# EXERCISE BRIEF:
Repeat the listing word for word. Leave every picture out.

# THE DATA:
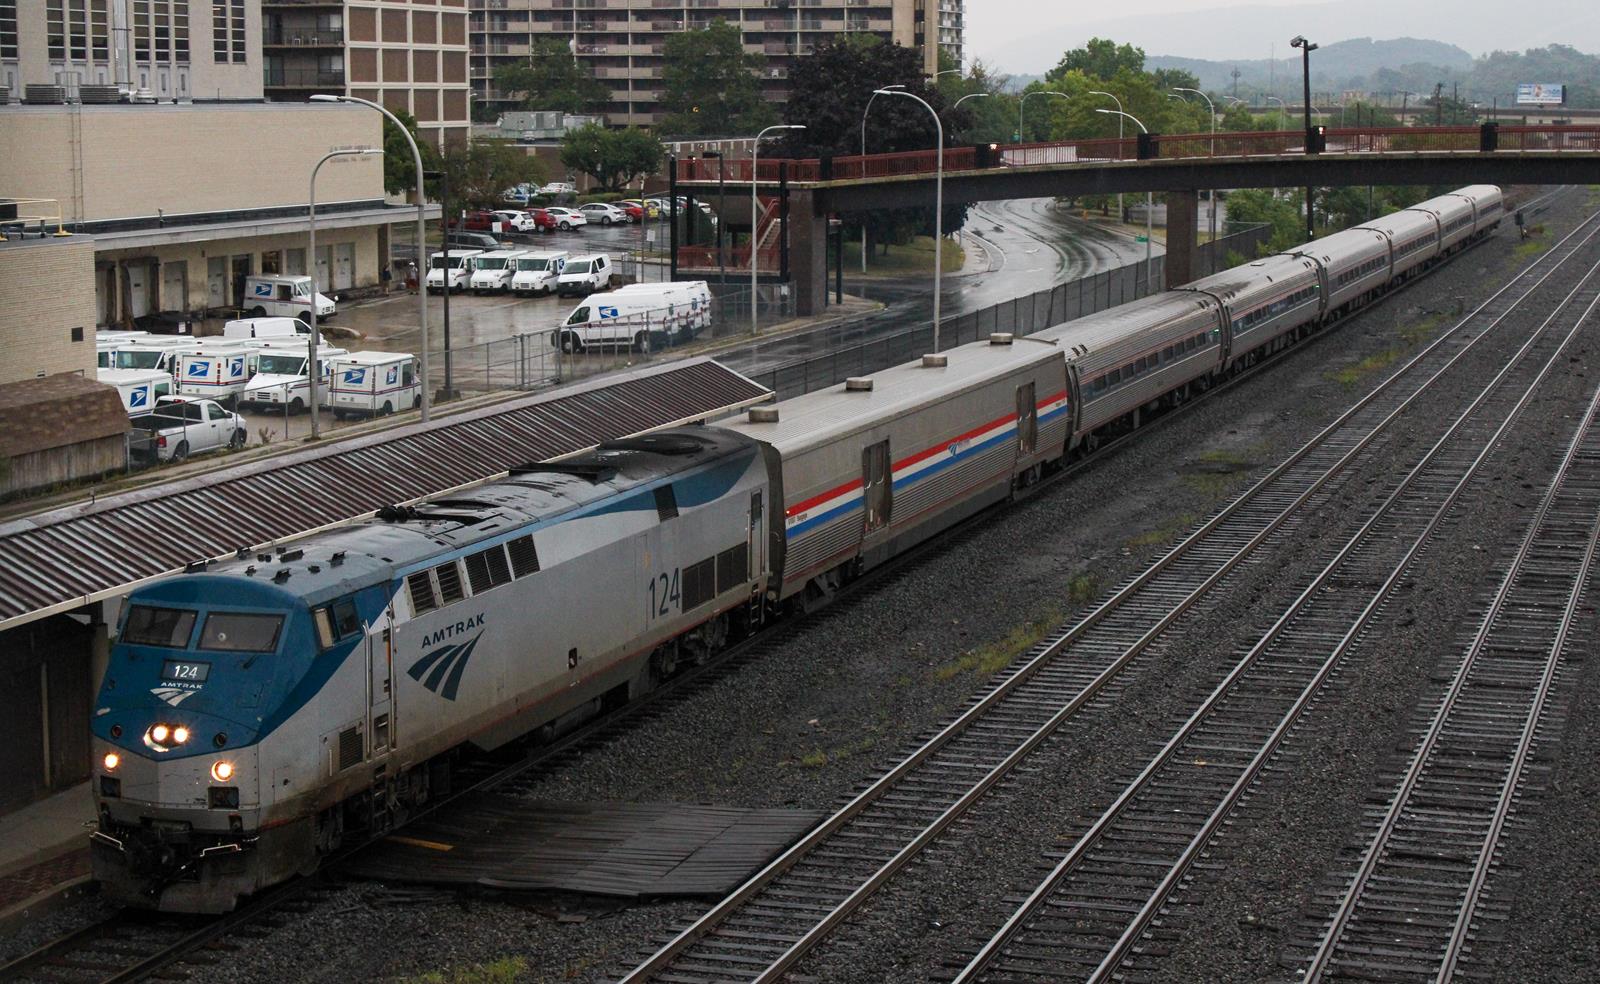 AMTK 124 is a class GE P42DC and  is pictured in Altoona, Pennsylvania, United States.  This was taken along the Allegheny Division on the Amtrak. Photo Copyright: Chris Hall uploaded to Railroad Gallery on 11/22/2022. This photograph of AMTK 124 was taken on Sunday, July 17, 2022. All Rights Reserved. 
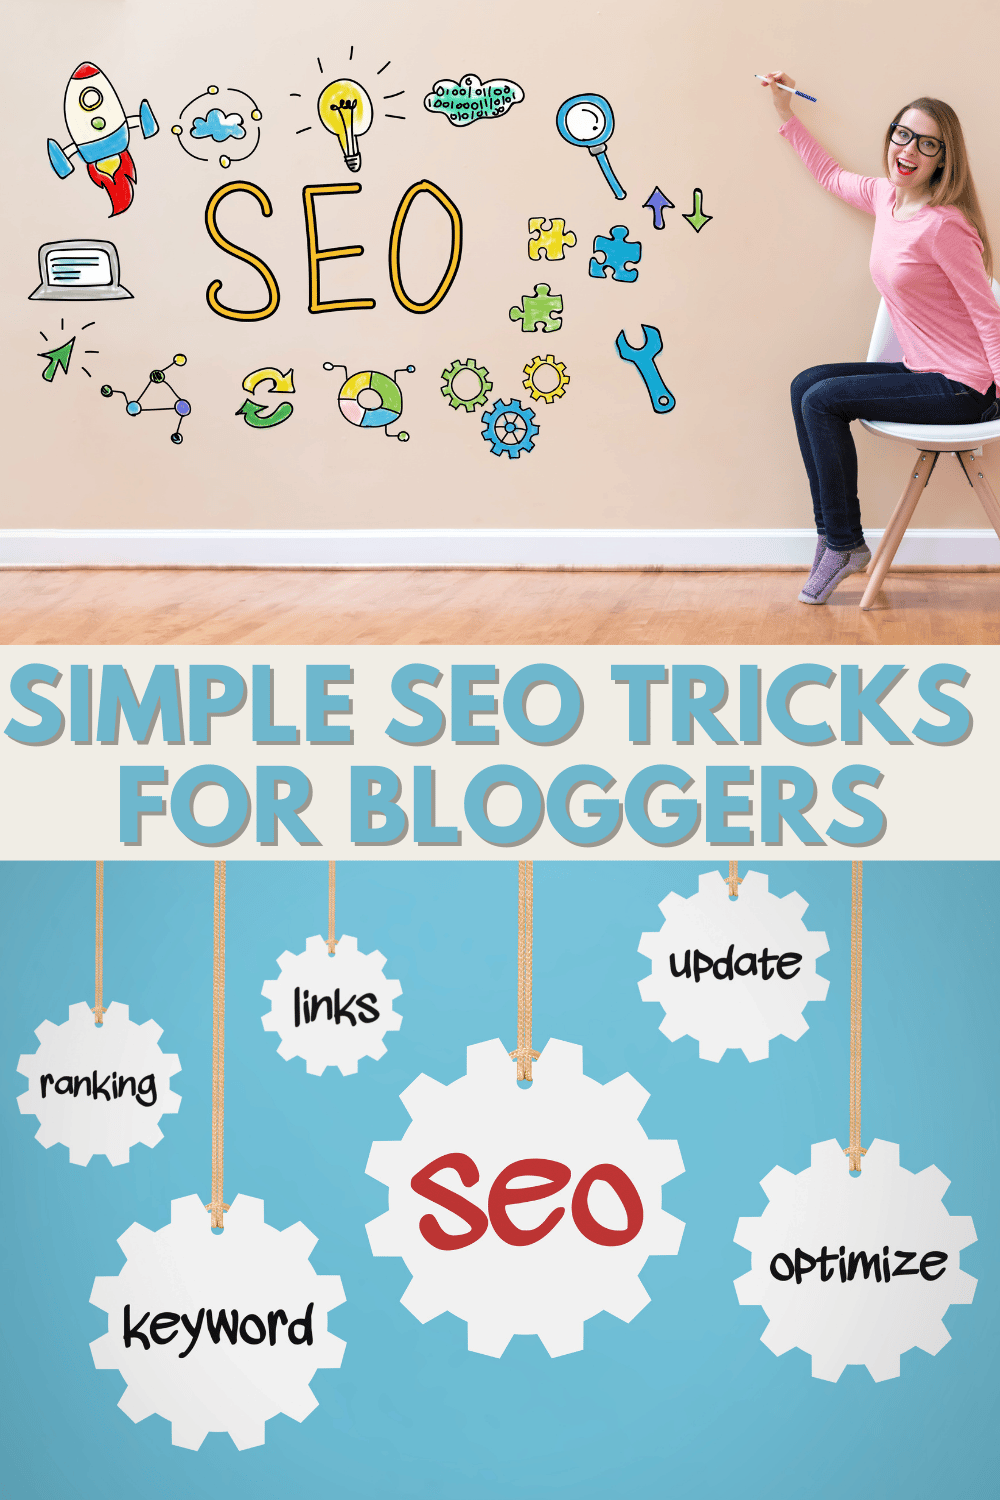 You don't have to study SEO full time to master the basics. Check out these SEO tricks for bloggers to get more search engine traffic with ease. #seo #bloggertips #bloggingtips #seotricks via @wondermomwannab
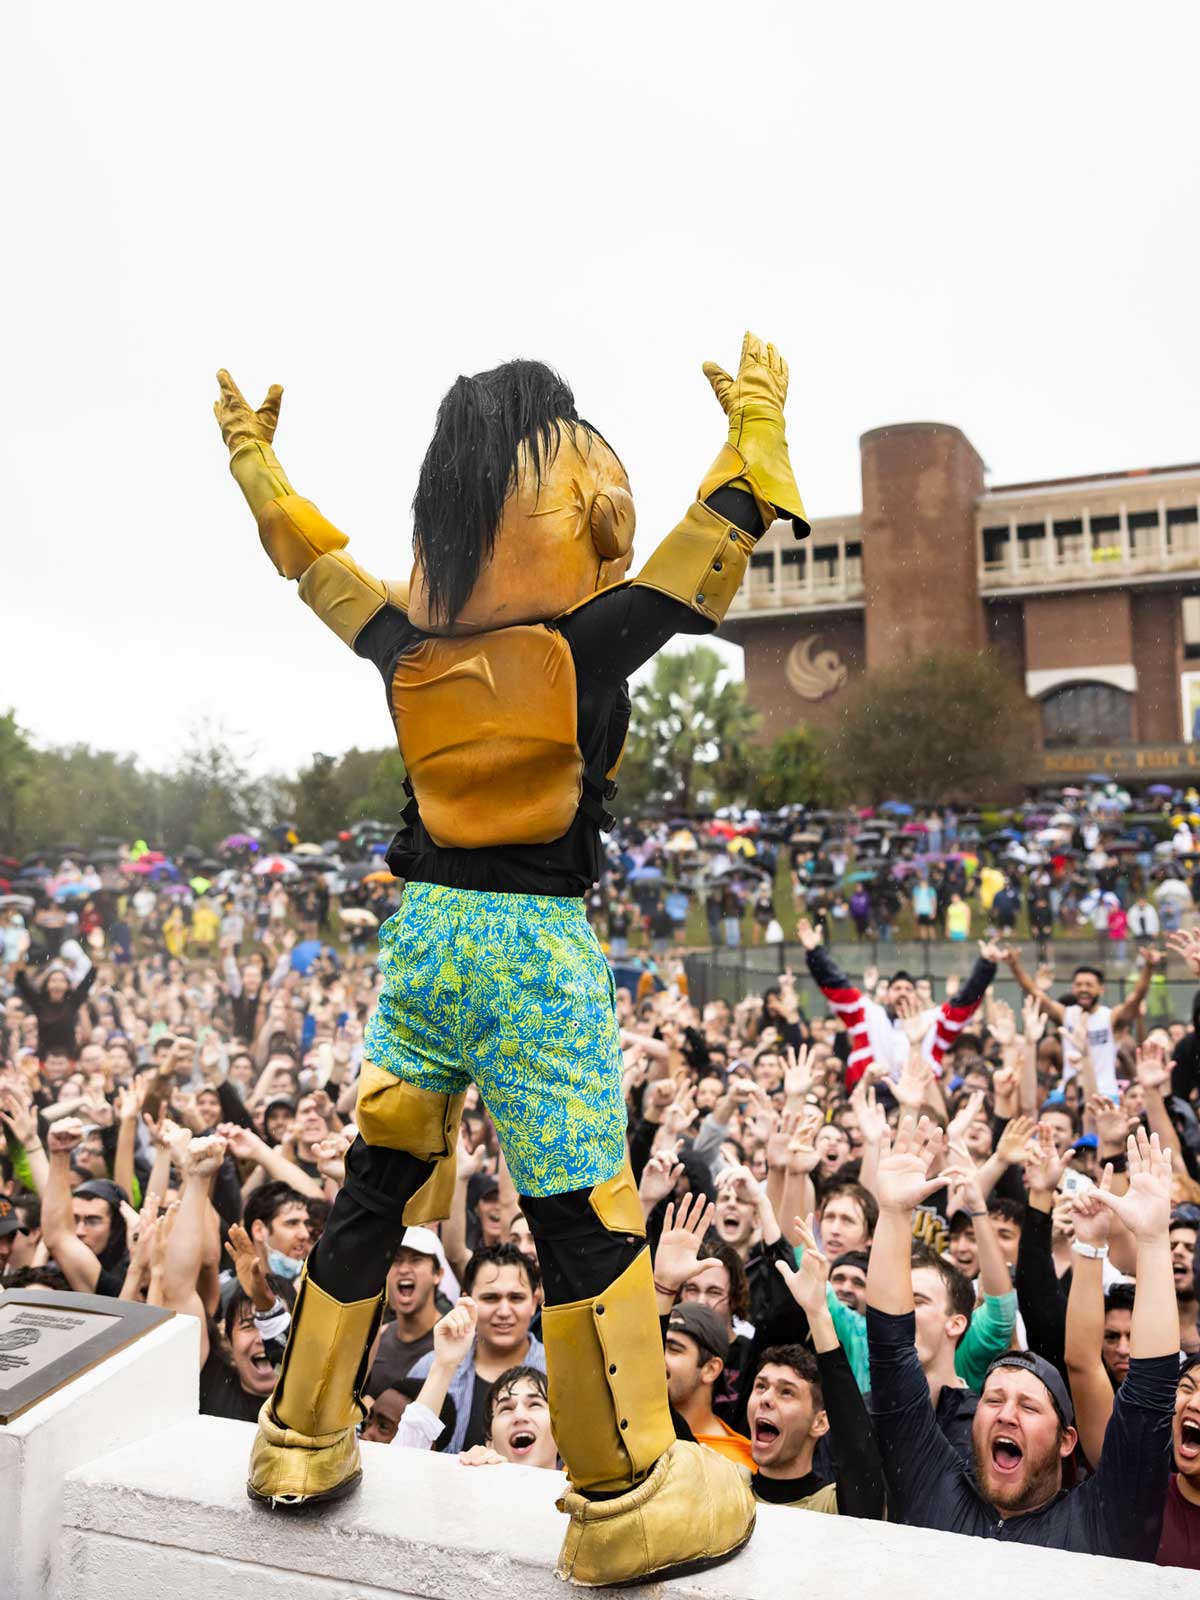 Knightro in board shorts energizes crowd after rushing the Reflecting Pond at Spirit Splash

# EXERCISE SOLUTION:
 AMTK 124 is a class GE P42DC and  is pictured in Altoona, Pennsylvania, United States.  This was taken along the Allegheny Division on the Amtrak. Photo Copyright: Chris Hall uploaded to Railroad Gallery on 11/22/2022. This photograph of AMTK 124 was taken on Sunday, July 17, 2022. All Rights Reserved. 
 You don't have to study SEO full time to master the basics. Check out these SEO tricks for bloggers to get more search engine traffic with ease. #seo #bloggertips #bloggingtips #seotricks via @wondermomwannab
 Knightro in board shorts energizes crowd after rushing the Reflecting Pond at Spirit Splash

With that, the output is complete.